Large extracellular vesicles subsets and contents discrimination: the potential of morpho mechanical approaches at single vesicle level

Extracellular vesicles (EVs) are heterogenous lipid bound membranous structures released by different cells, showing a great potential to be used as biomarkers. They have also been explored for their role in the context of environmental toxicity. When endothelial cells are exposed to pollutants like Polycyclic Aromatic Hydrocarbons (PAH) - the most common being benzo[a]pyrene (B[a]P) – EVs released from those cells undergo surface and cargo modifications. Subpopulations of large EVs (lEVs) have shown to contain either damaged or intact mitochondria which is inexorably linked to oxidative stress conditions. In this paper, we studied B[a]P induced modifications in lEVs derived from endothelial cells, through morpho mechanical characterization with atomic force microscopy (AFM). Colocalizing AFM with fluorescence microscopy allowed us to differentiate between EVs containing mitochondria and those that did not.
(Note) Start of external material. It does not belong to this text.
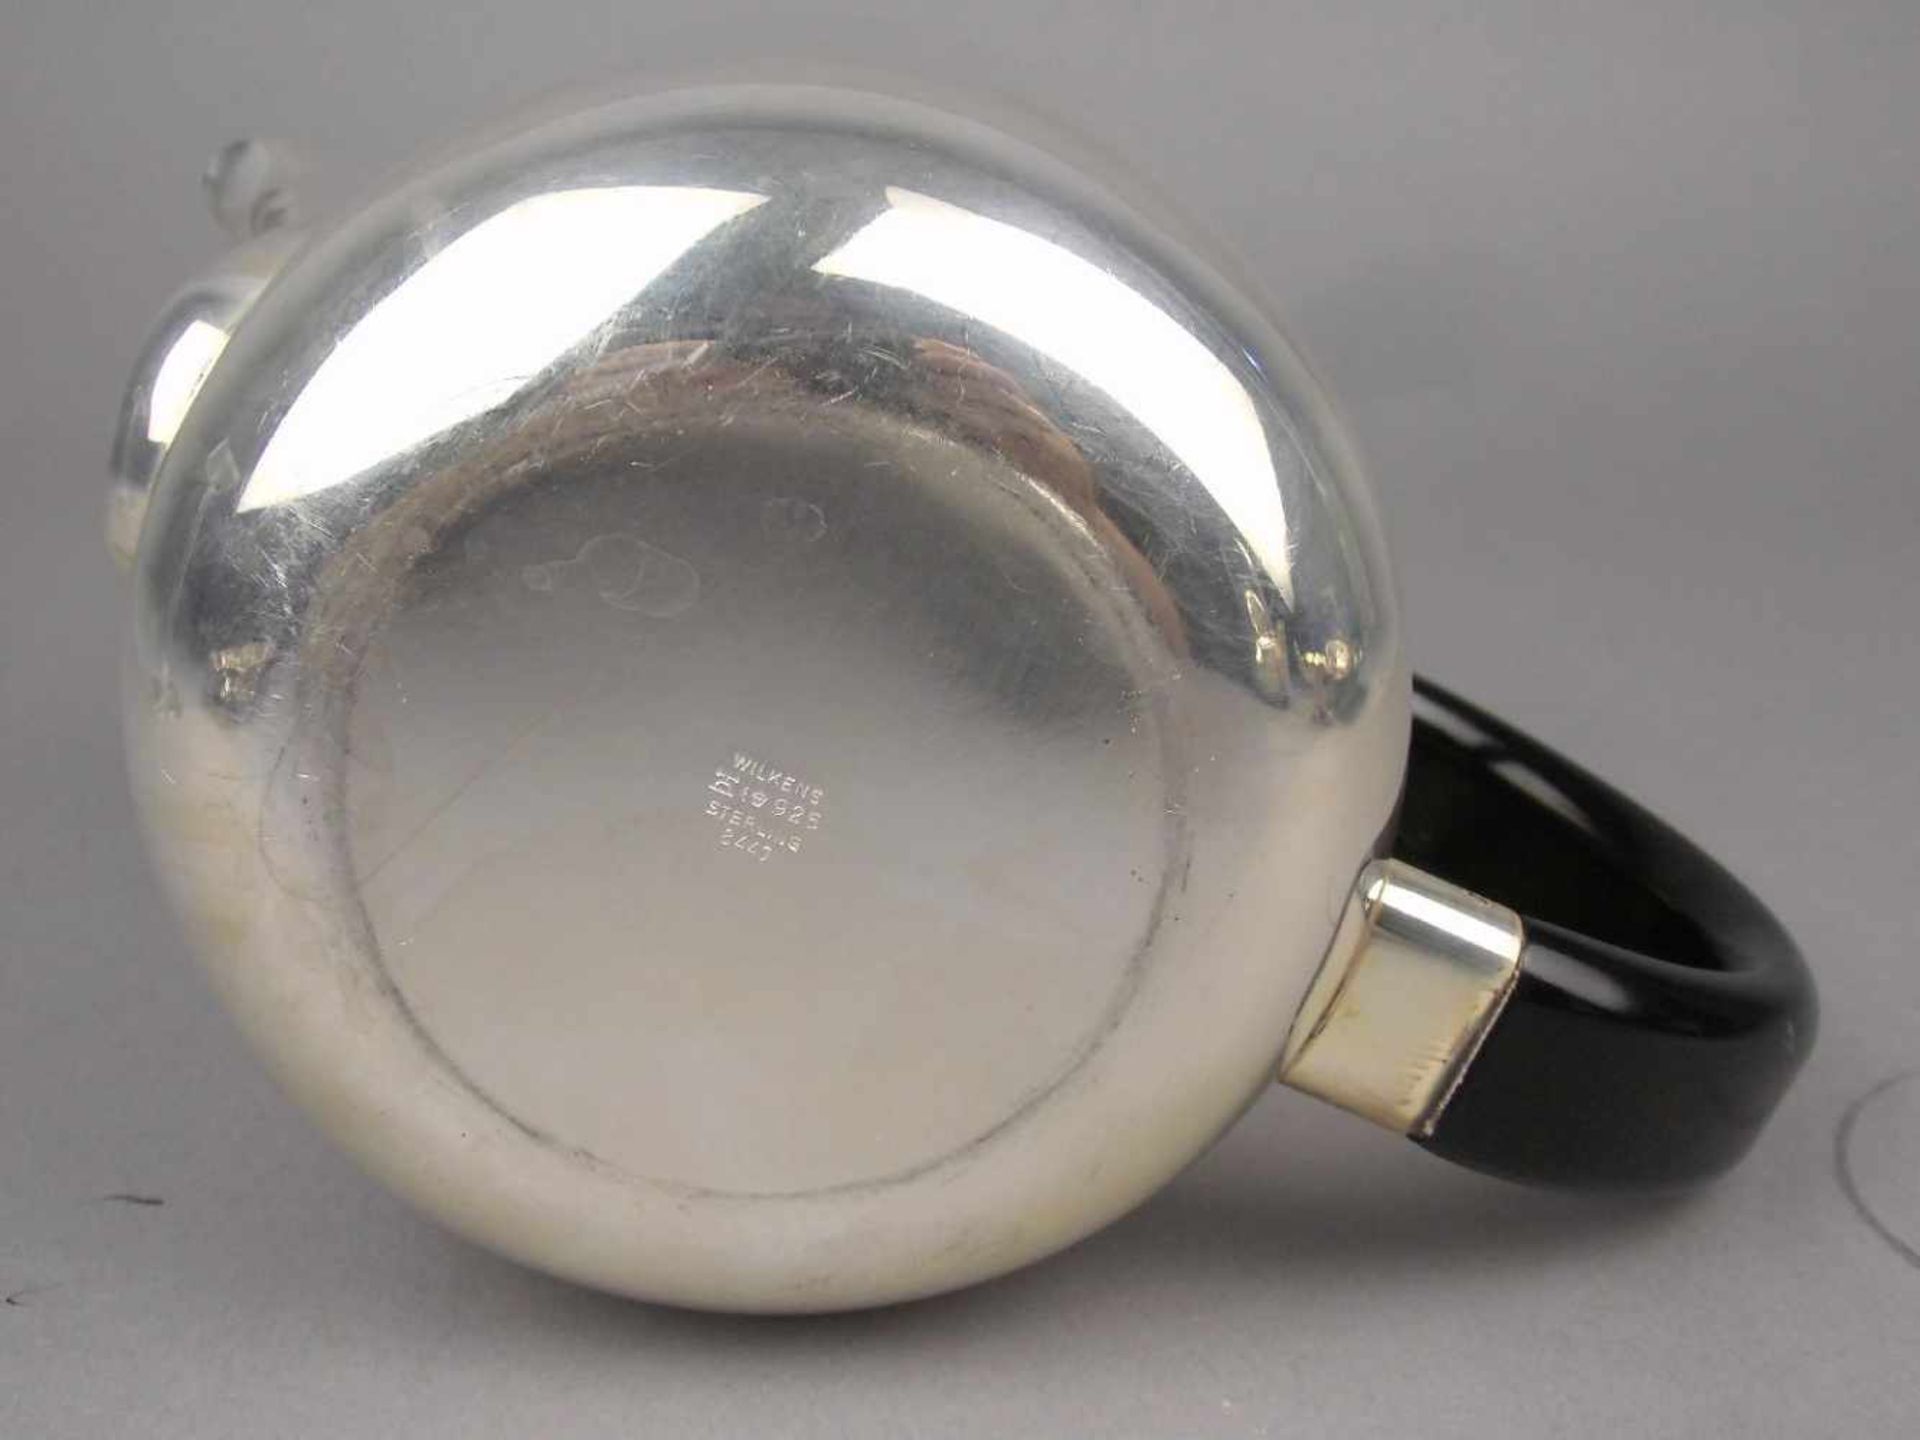 KAFFEEKANNE IM BAUHAUS - STIL, Form Silhouette, 925er Silber (776 g), gepunzt mit Halbmond, Krone, - Image 7 of 7

EVs containing mitochondria had a larger size (maximum diameter) when coming from treated cells (1.8 ± 0.89 µm) as compared to control cells (1.63 ± 0.76 µm). Moreover, their Young’s moduli were higher in the treated condition (3.09 ± 2.54 MPa in average) as compared to the control condition (1.25 ± 0.92 MPa in average). We also observed a heterogeneity within single vesicles, with most Young’s modulus values ranging from 0.1 up to 30 MPa for the treated condition and from 0.1 to 5 MPa for the control condition. Finally, applying linear discriminant analysis (LDA) and Random Forest (RF) algorithms on maximum diameter, height, and distribution of Young’s modulus values, we demonstrated the possibility to discriminate between EV subpopulations. Indeed, we successfully managed to a) distinguish EVs containing mitochondria from the “empty” ones, with an accuracy of 84% and b) discriminate whether these mitochondria-containing EVs originated from control or treated conditions, with an accuracy of 76%. These findings highlight the power of combining morpho-mechanical analysis and machine learning for identifying and discriminating EV subpopulations, no longer requiring any EVs fluorescence labelling.